Save Every time I make this salad, I'm reminded that good food doesn't have to be complicated or take all day. It just needs fresh ingredients, a little attention, and the willingness to let simple flavors shine.
Questions & Answers
- → Can I make this salad ahead of time?
Yes, you can prepare this salad up to 4 hours in advance. Keep it refrigerated and add the dressing just before serving to maintain maximum crunchiness. The flavors actually improve as they meld together.
- → How do I make this vegan?
Simply substitute maple syrup for honey in the dressing. All other ingredients are naturally plant-based, making this an easy vegan-friendly dish.

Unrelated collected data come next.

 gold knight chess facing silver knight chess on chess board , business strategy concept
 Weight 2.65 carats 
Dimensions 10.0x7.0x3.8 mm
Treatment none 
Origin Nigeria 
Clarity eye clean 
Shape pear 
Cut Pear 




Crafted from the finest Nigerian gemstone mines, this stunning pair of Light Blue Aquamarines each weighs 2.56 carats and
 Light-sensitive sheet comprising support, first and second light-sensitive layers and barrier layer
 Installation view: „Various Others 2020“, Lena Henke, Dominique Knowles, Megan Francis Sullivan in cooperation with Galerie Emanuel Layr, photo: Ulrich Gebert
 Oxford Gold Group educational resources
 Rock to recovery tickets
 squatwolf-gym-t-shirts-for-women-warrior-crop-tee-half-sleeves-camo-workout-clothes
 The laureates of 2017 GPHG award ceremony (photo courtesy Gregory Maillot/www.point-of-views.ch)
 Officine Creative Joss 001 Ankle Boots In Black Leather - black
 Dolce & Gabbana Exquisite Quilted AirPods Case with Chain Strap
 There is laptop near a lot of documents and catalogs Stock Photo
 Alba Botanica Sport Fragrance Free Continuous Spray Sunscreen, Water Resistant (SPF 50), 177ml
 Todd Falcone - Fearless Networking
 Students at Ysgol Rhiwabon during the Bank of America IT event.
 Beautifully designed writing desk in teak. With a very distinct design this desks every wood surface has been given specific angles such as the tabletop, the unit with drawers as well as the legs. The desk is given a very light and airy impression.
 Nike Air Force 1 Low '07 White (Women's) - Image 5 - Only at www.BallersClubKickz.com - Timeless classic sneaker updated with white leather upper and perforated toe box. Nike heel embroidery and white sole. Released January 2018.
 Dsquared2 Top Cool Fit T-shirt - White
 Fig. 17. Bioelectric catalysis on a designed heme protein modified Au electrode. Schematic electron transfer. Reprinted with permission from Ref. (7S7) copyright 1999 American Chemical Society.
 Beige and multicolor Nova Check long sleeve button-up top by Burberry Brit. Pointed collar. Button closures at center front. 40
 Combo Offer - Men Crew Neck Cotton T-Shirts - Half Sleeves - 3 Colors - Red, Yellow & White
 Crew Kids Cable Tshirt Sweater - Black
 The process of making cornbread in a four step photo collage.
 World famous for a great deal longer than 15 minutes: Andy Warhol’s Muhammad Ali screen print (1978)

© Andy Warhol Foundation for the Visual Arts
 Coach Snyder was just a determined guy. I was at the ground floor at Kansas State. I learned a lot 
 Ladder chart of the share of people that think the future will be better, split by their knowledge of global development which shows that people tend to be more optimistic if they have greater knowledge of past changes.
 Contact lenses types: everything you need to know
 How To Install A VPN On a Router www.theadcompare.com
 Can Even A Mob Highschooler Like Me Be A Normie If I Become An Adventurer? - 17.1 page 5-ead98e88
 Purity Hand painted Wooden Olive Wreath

- → What can I substitute for sun-dried tomatoes?
You can use fresh cherry tomatoes halved, roasted red peppers, or dried cranberries for a sweeter variation. Each will provide a different flavor profile but work well with the cabbage base.
- → How long does this salad keep in the refrigerator?
Store covered in the refrigerator for up to 2 days. The cabbage will soften slightly over time, but the flavors continue to develop. For best texture, consume within 24 hours of dressing.
- → Can I add protein to make this a complete meal?
Absolutely! Top with grilled chicken, seared salmon, chickpeas, or crumbled feta cheese. Toasted nuts or seeds like sunflower or pumpkin seeds also add protein and extra crunch.
- → What type of vinegar works best for the dressing?
White wine vinegar or apple cider vinegar both work wonderfully. Apple cider vinegar adds a slightly sweeter, fruitier note, while white wine vinegar provides a cleaner, sharper tang.